I would also like to get this harness for a 12 week old, but not sure what size? He is approaching 20 pounds. They only indicate girth size, which is confusing.

thanks!


----------



## darbysdad (Dec 23, 2011)

Wow. You guys are persuasive! I just ordered Darby one! I hope you dont sell Kirby vacuums, because I really cant afford one.....:wave:


----------



## klke (Apr 24, 2009)

I use the Easy Walk Harness and love it. I didn't get it until our puppy was about 4 months. We tried the choke collar but she still had a tight leash even with reinforcement. My kids didn't like walking her because their hands hurt from wrapping the leash around their hands. The Easy Walk worked immediately.
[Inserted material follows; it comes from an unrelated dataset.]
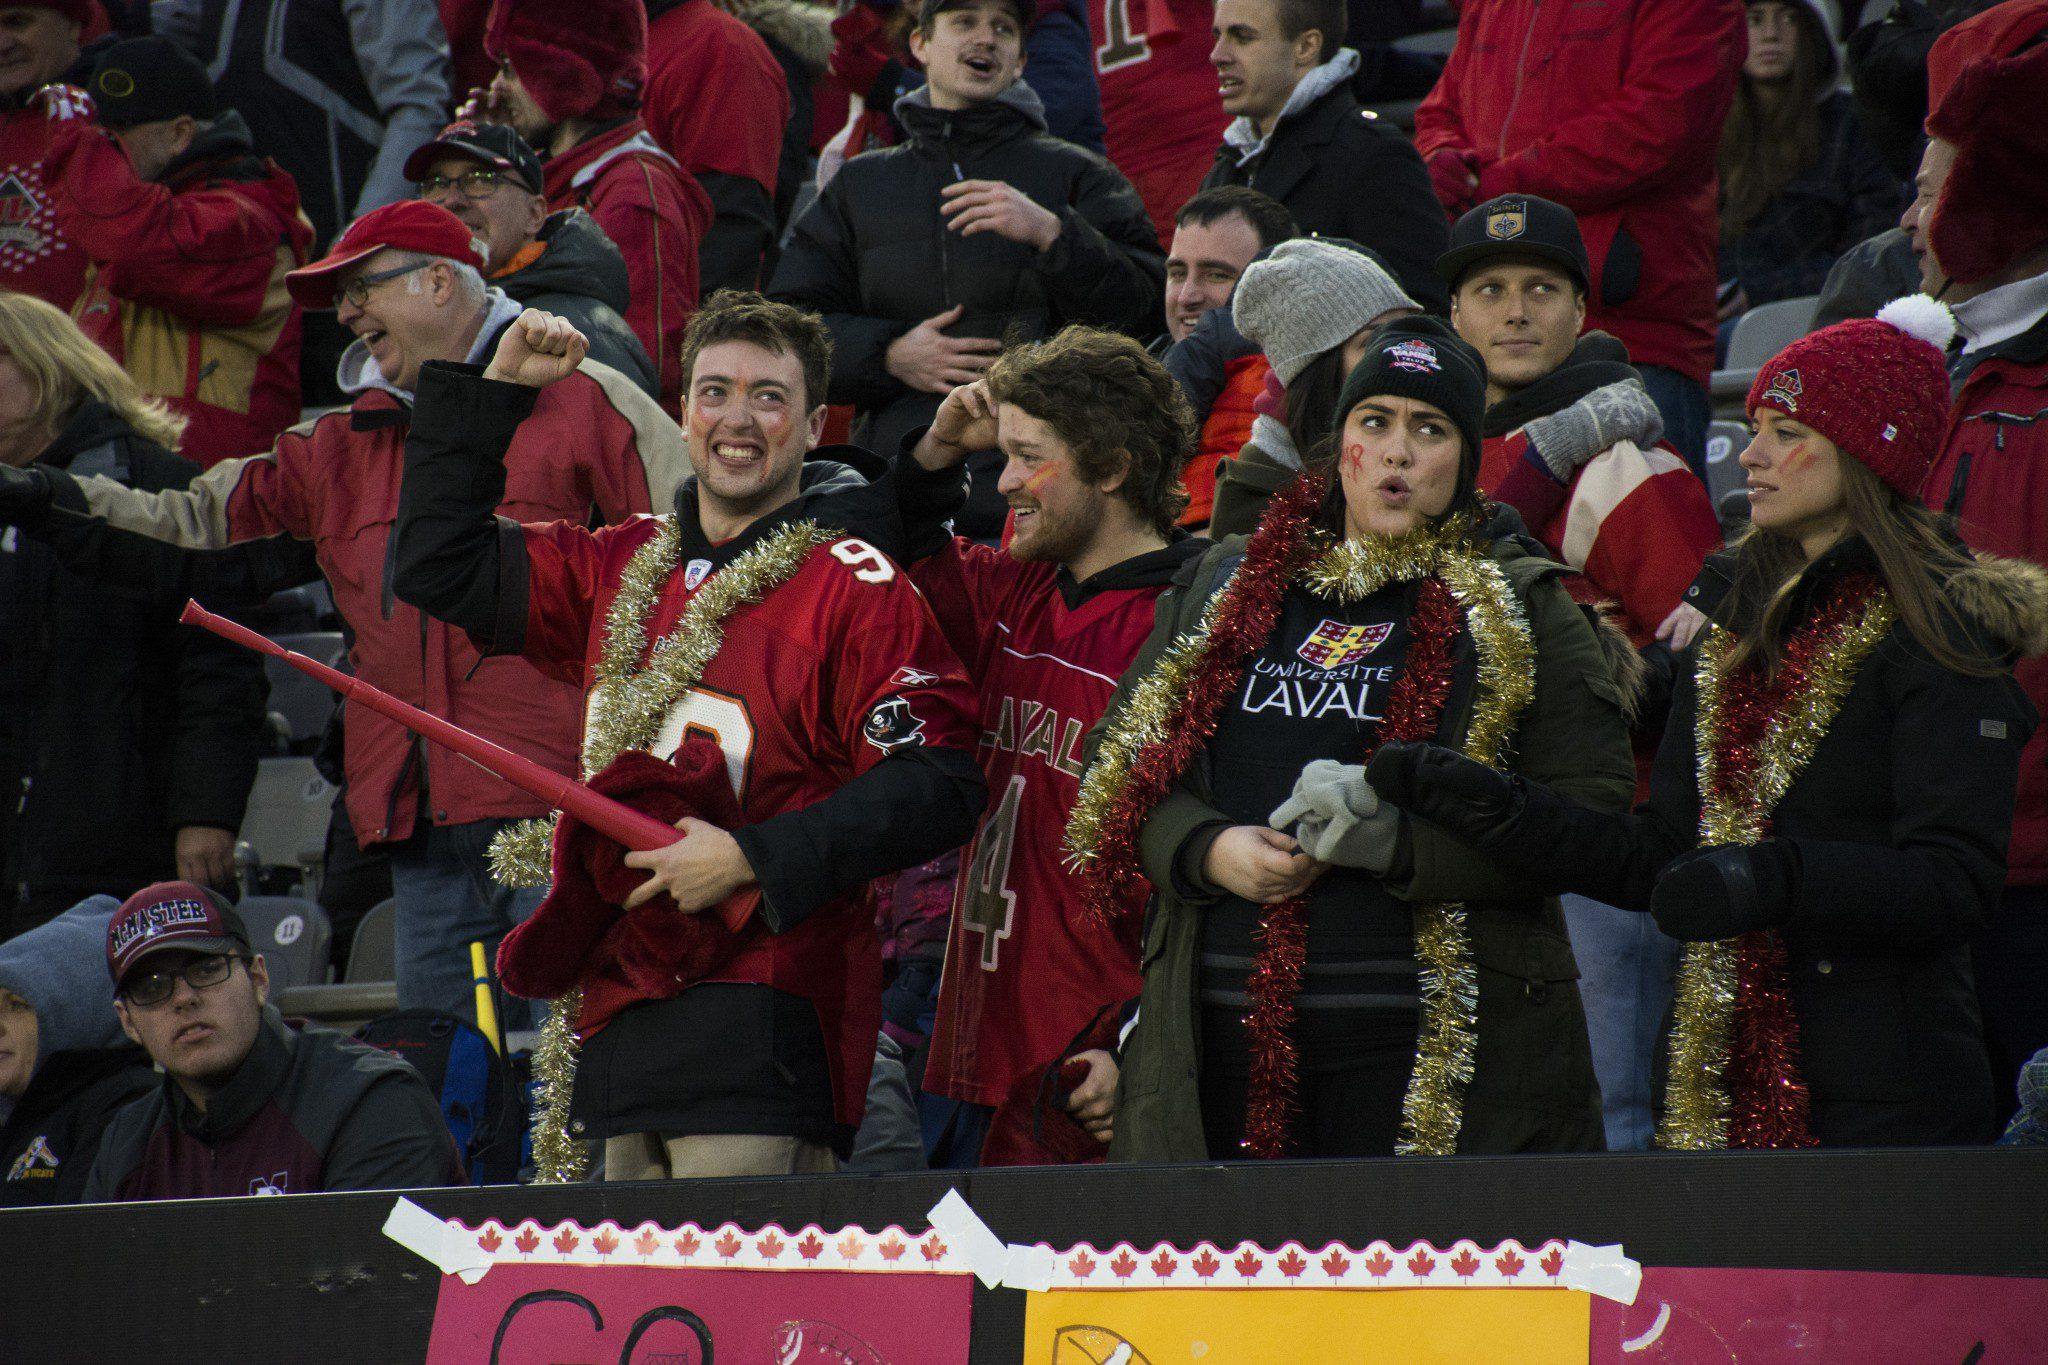 Laval fans celebrate
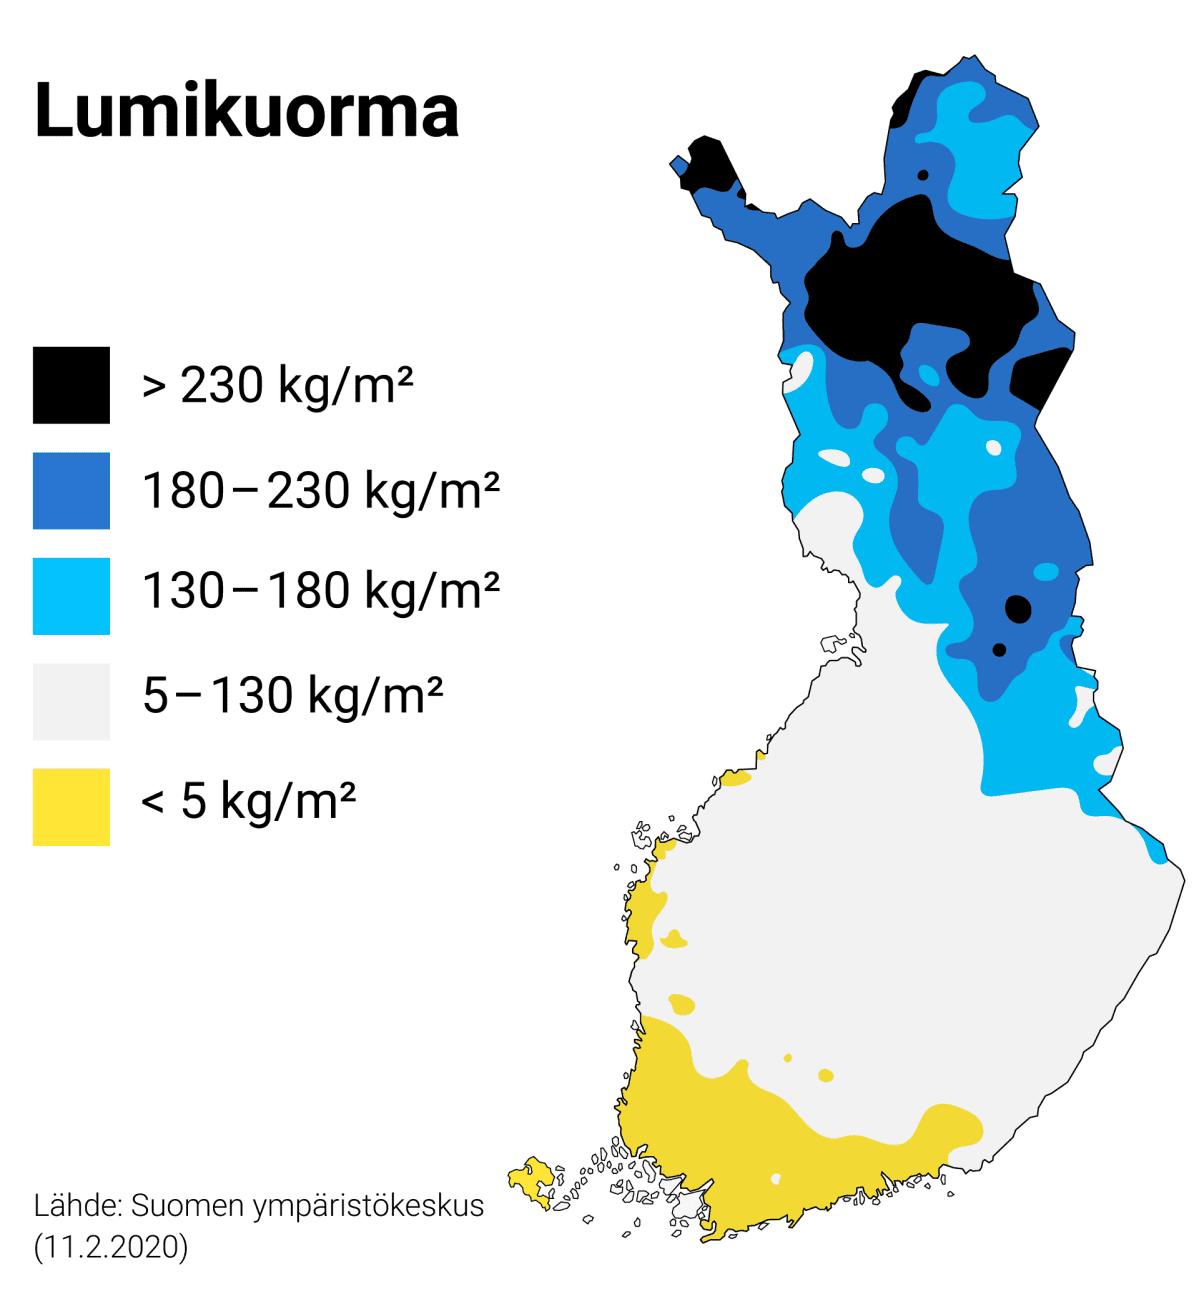 Grafiikka kuvaa lumikuorman määrää Suomessa. Vain pohjoisessa on runsaasti lumikuormaa. Keski-Suomessa lumikuorma on 5–130 kg/m². Etelä-Suomessa lumikuorma jää alle 5 kg/m². Grafiikan lähde: Suomen ympäristökeskus, 11.2.2020.

I use it whenever we go for a walk or go somewhere that she will be leashed for awhile. She doesn't mind it or bite at it. If I knew how good it worked, I would have bought it sooner. Good luck!


----------



## swhome247 (Oct 22, 2013)

In the last few posts, what exactly are you referring to? The martingale collar or gentle leader harness? With a leash, I need to train not to eat it. I need to invest in some Bitter Apple I'd say. Lol. But have wondered about harnesses, etc. doing a search of posts now.


----------



## Willow52 (Aug 14, 2009)

The biggest issue I had with using the EZ Walk Harness is since the leash clips onto the front, the leash is right there ready for puppy to grab. I had better luck with the Sporn Non-pull Mesh Harness, the leash clips on the back.


----------



## laprincessa (Mar 24, 2008)

I'm probably one of the few who will say this, but I really wish we'd never used a harness of any kind. The Easy Walk was useless because he was a master at getting a leg over the leash and that eliminated any benefit. The Sporn just taught him to pull harder. The Halti was a mess that never was a success. The ONLY thing that has worked, and it's hard work because we have 6 years of my mistakes to undo, is constant practice walking with a martingale collar. Training, training, training - do it now and you won't have to be visiting your chiropractor weekly a few years from now.


----------